The person on behalf of hospital: Mr. R. Holden
Attorney General of Ontario: Counsel: Ms. E. McRae via Zoom
REASONS FOR DISPOSITION
(Dated September 15, 2025)
Introduction
On March 31st, 2025, Mr. Paul Leroux was found not criminally responsible by reason of mental disorder for the offence of second-degree murder and breaking and entering. The presiding judge did not create a disposition and deferred that to the Ontario Review Board.
The date of the offence was July 30, 2021, and Mr. Leroux had remained in custody in jail until his admission to the North Bay Regional Health Centre – North Bay Site (‘Hospital’) on April 11, 2025.
On September 4, 2025, Mr. Leroux appeared for his initial hearing before the Ontario Review Board.
Mr. P. Trenker attended as counsel for the Hospital. Mr. G. Iwasiw represented Mr. Leroux via video telecommunication from Kenora. Ms. E. McRae represented the Attorney General, also by video telecommunication from Kenora.
The evidence at the hearing was comprised of the following written exhibits:
Victim Impact Statement (VIS) of Sarah Gilbert.
Victim Impact Statement (VIS) of Eileen Carl.
Warrant of Committal.
Criminal Record.
Synopsis x2.
Indictment.
Transcript of Trial.
NCR Report.
Hospital Report 2025.
Addendum to Hospital Report.
Dr.

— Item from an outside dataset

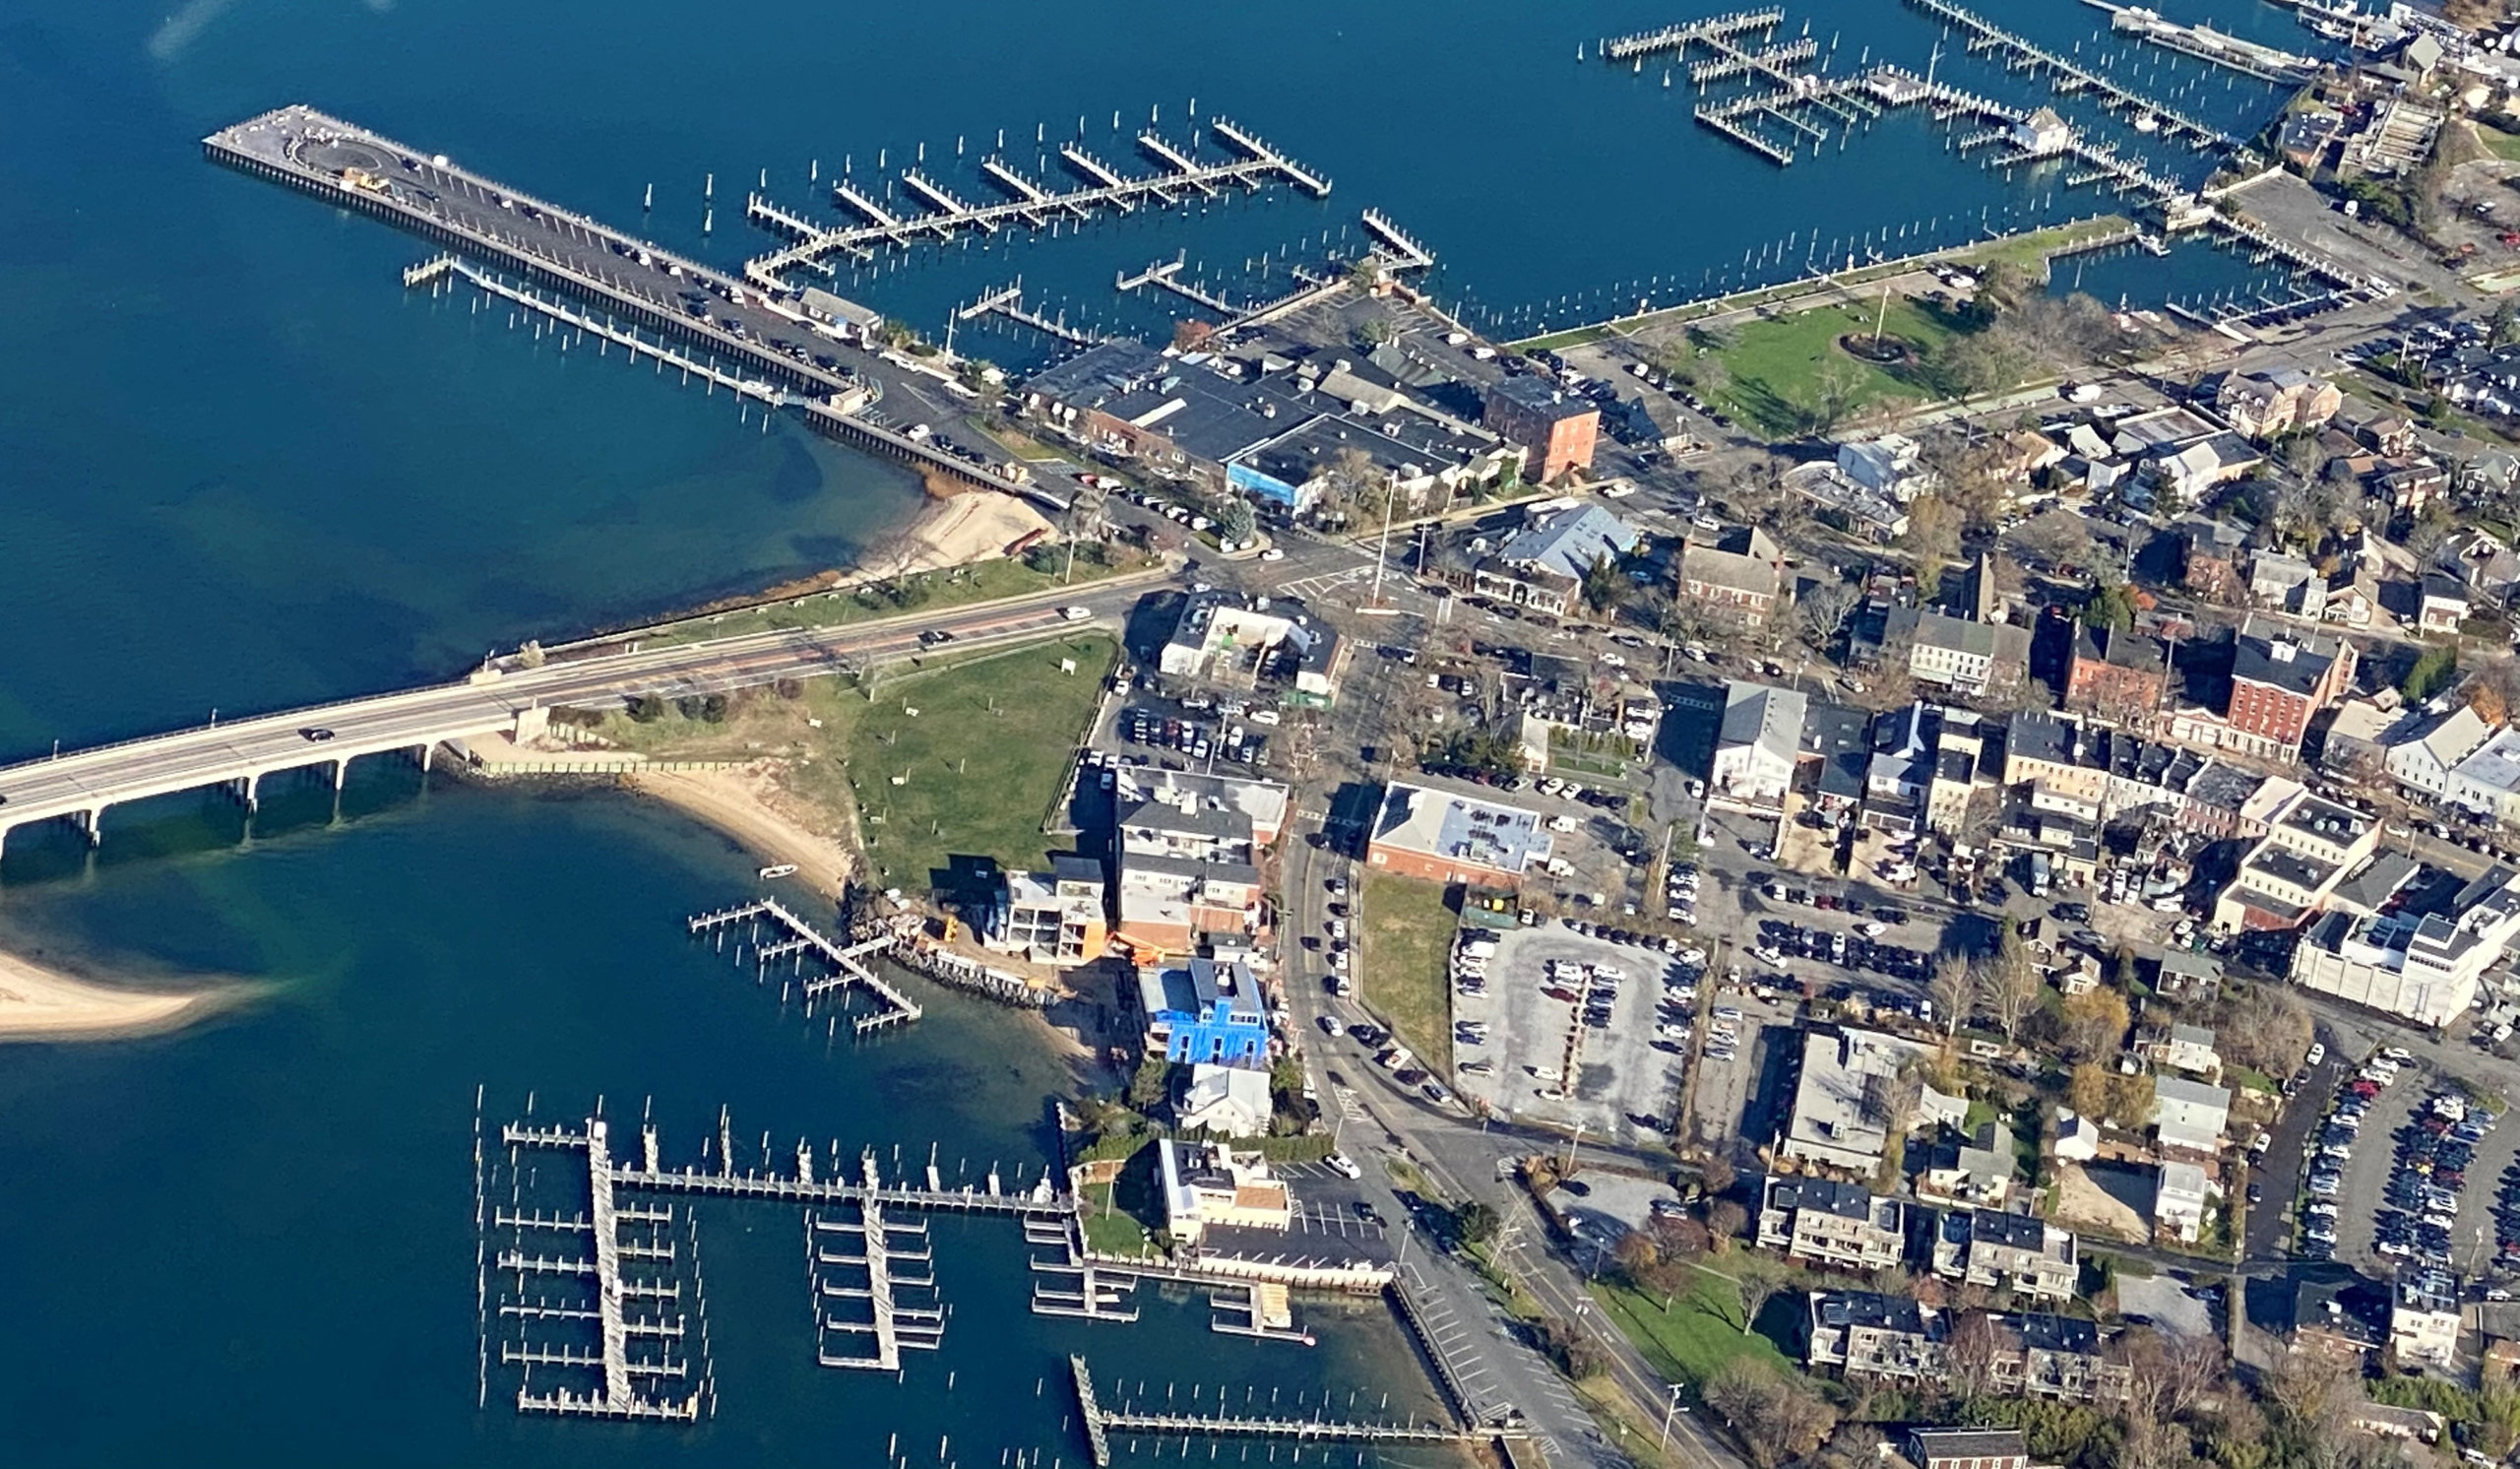 Aerial view of the Sag Harbor waterfront and village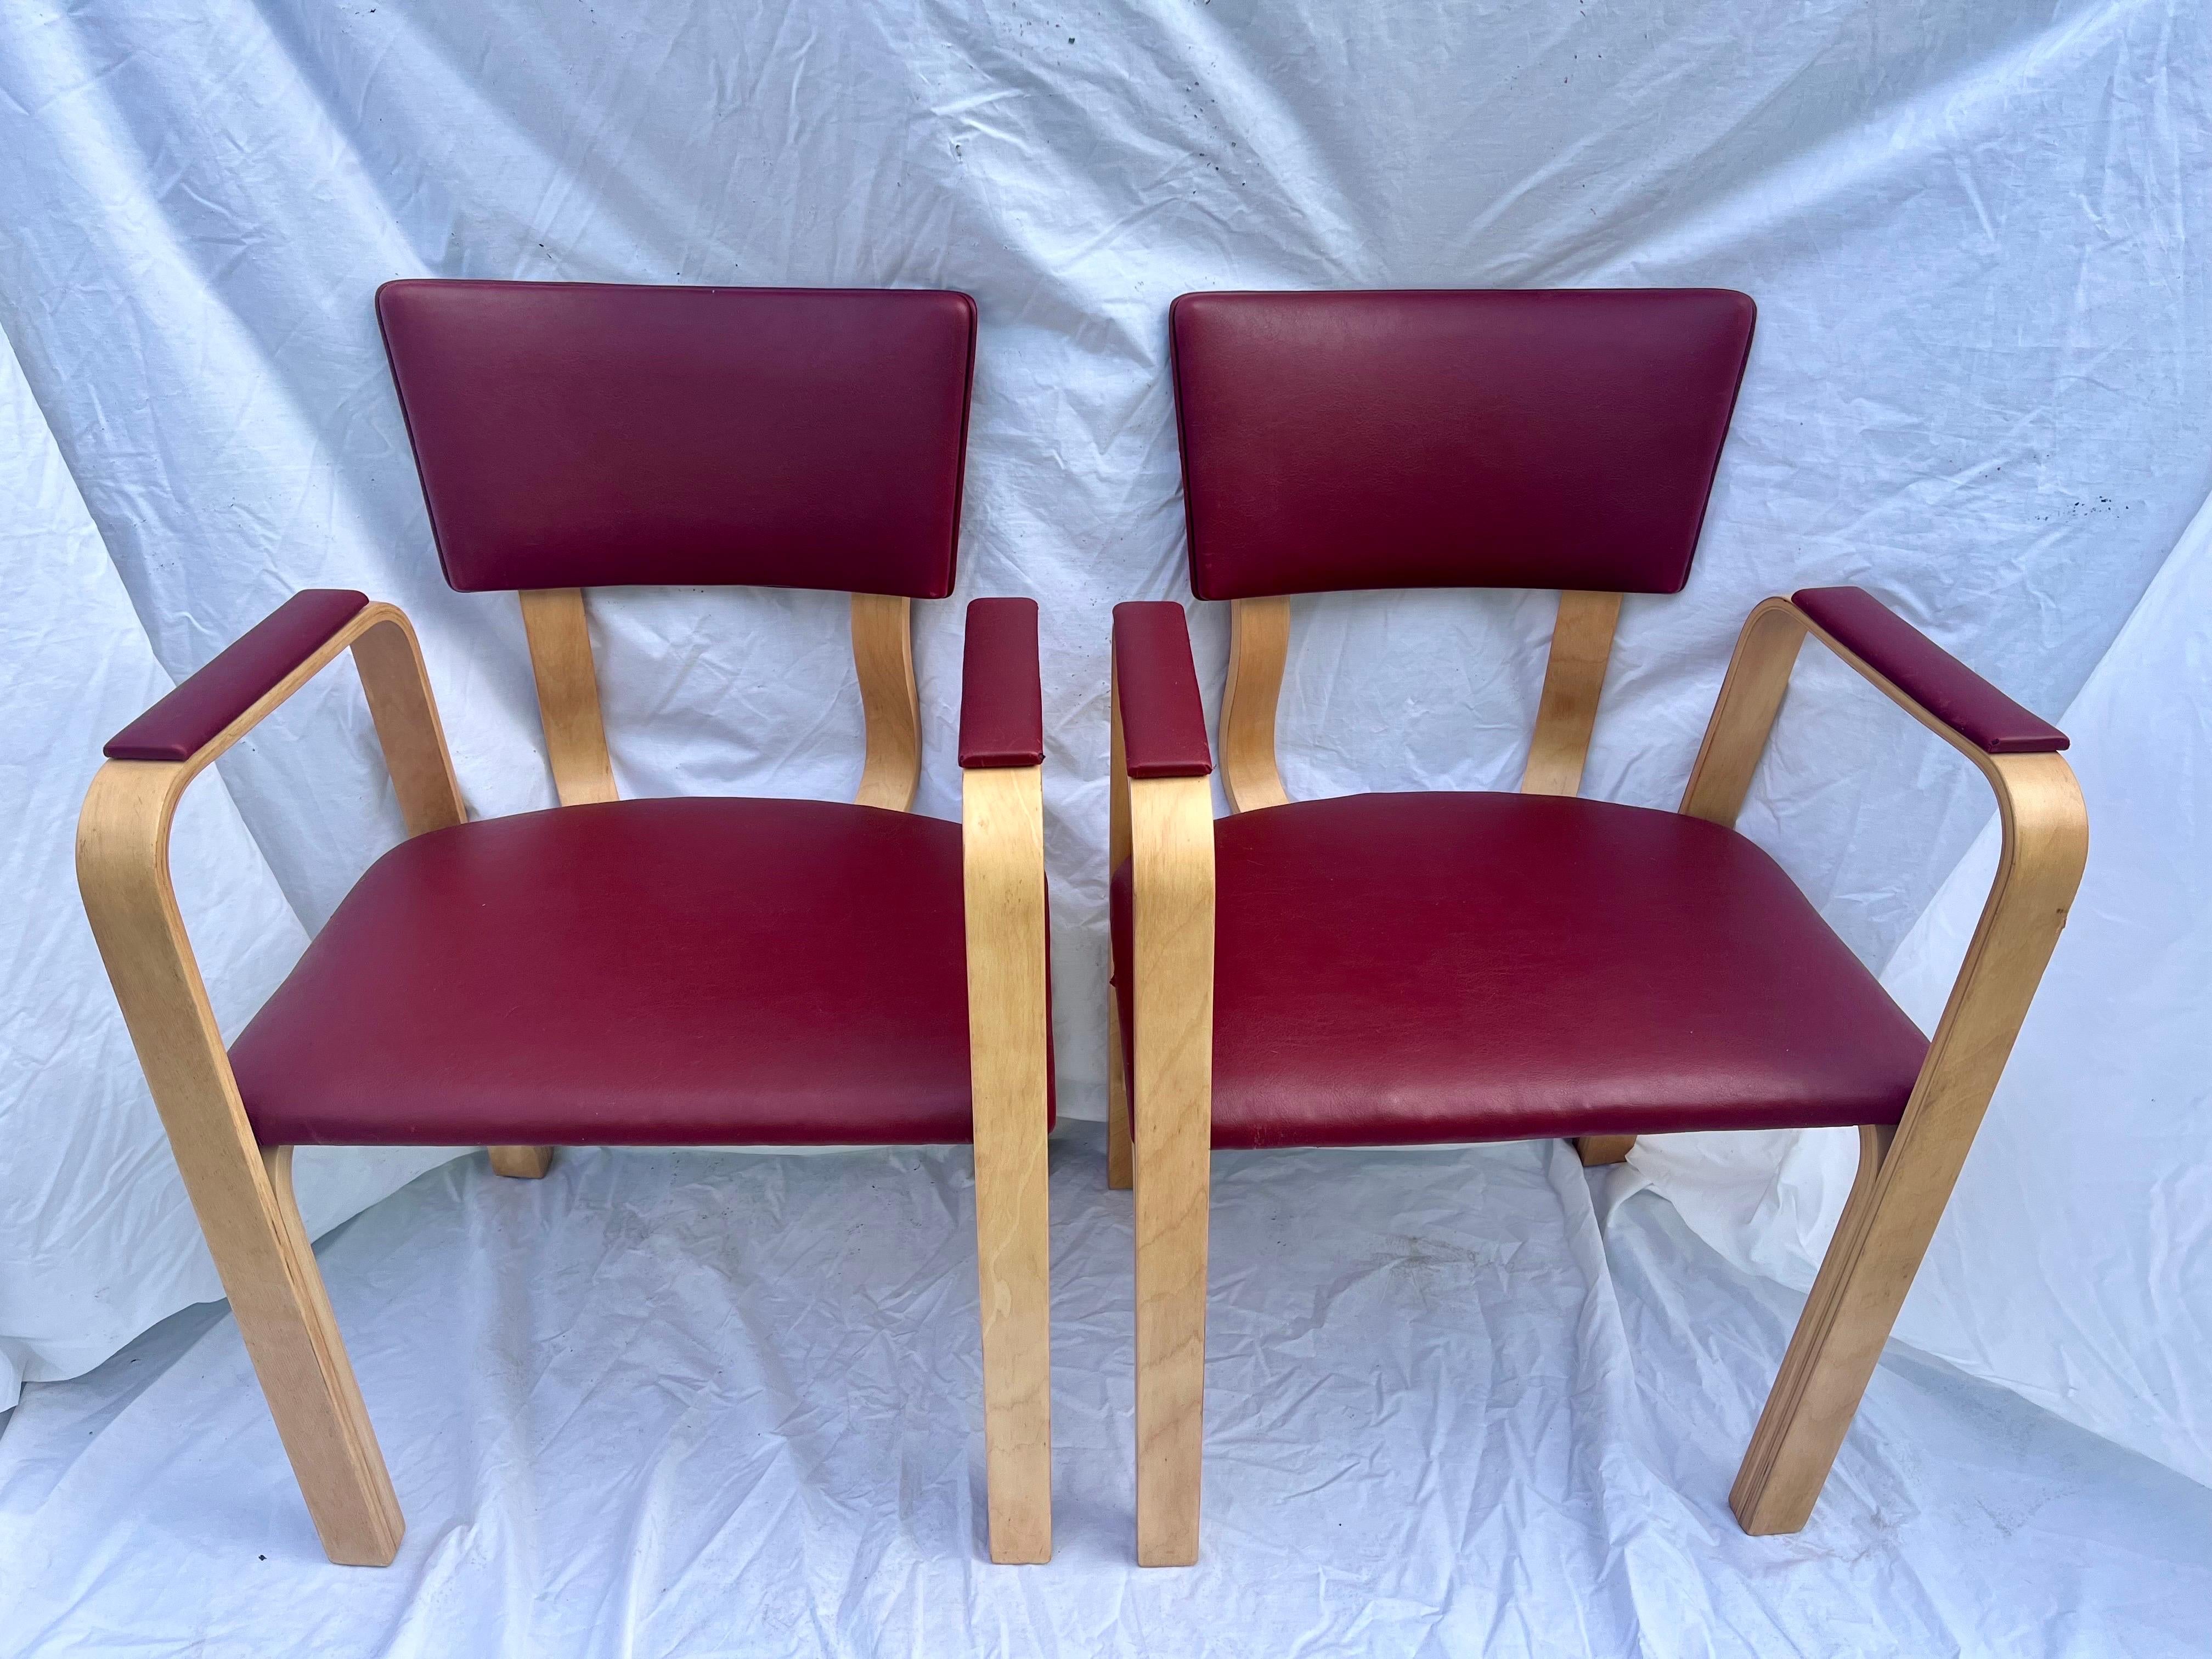 A timeless set of four arm or dining chairs by Thonet Park Avenue in New York City. The set of four chairs is labeled under the seats. The vintage upholstery is red in color and cotton felt. I was researching the history of Thonet and would like  to

Le provided expert testimony.
Index Offence
- Very briefly summarized, Mr. Leroux, on July 30, 2021, stabbed to death his 62-year-old mother. In doing so, her neck was cut across from one ear to the other. The details of the index offence are set out in the Synopsis, which captures the agreed-upon facts at Mr. Leroux’s trial:
“The accused, Paul LEROUX, is a 35-year-old male resident of Kenora. LEROUX is the son of the female victim, 62 year old Christine WRIGHT, who is also a resident of Kenora.
On July 29, 2021, at approximately 9:35 p.m. in the City of Kenora, police were dispatched to a report of a motor vehicle on fire on Jones Road. Police attended, and spoke with Paul LEROUX, who stated that he was driving his vehicle too fast, which resulted in his vehicle leaving the roadway. At that time, his vehicle was observed to be on fire. Police transported LEROUX from the scene of the collision and dropped him off at approximately 11:00 p.m. at his mother, Christine WRIGHT's residence, located at 13 Mikado Avenue.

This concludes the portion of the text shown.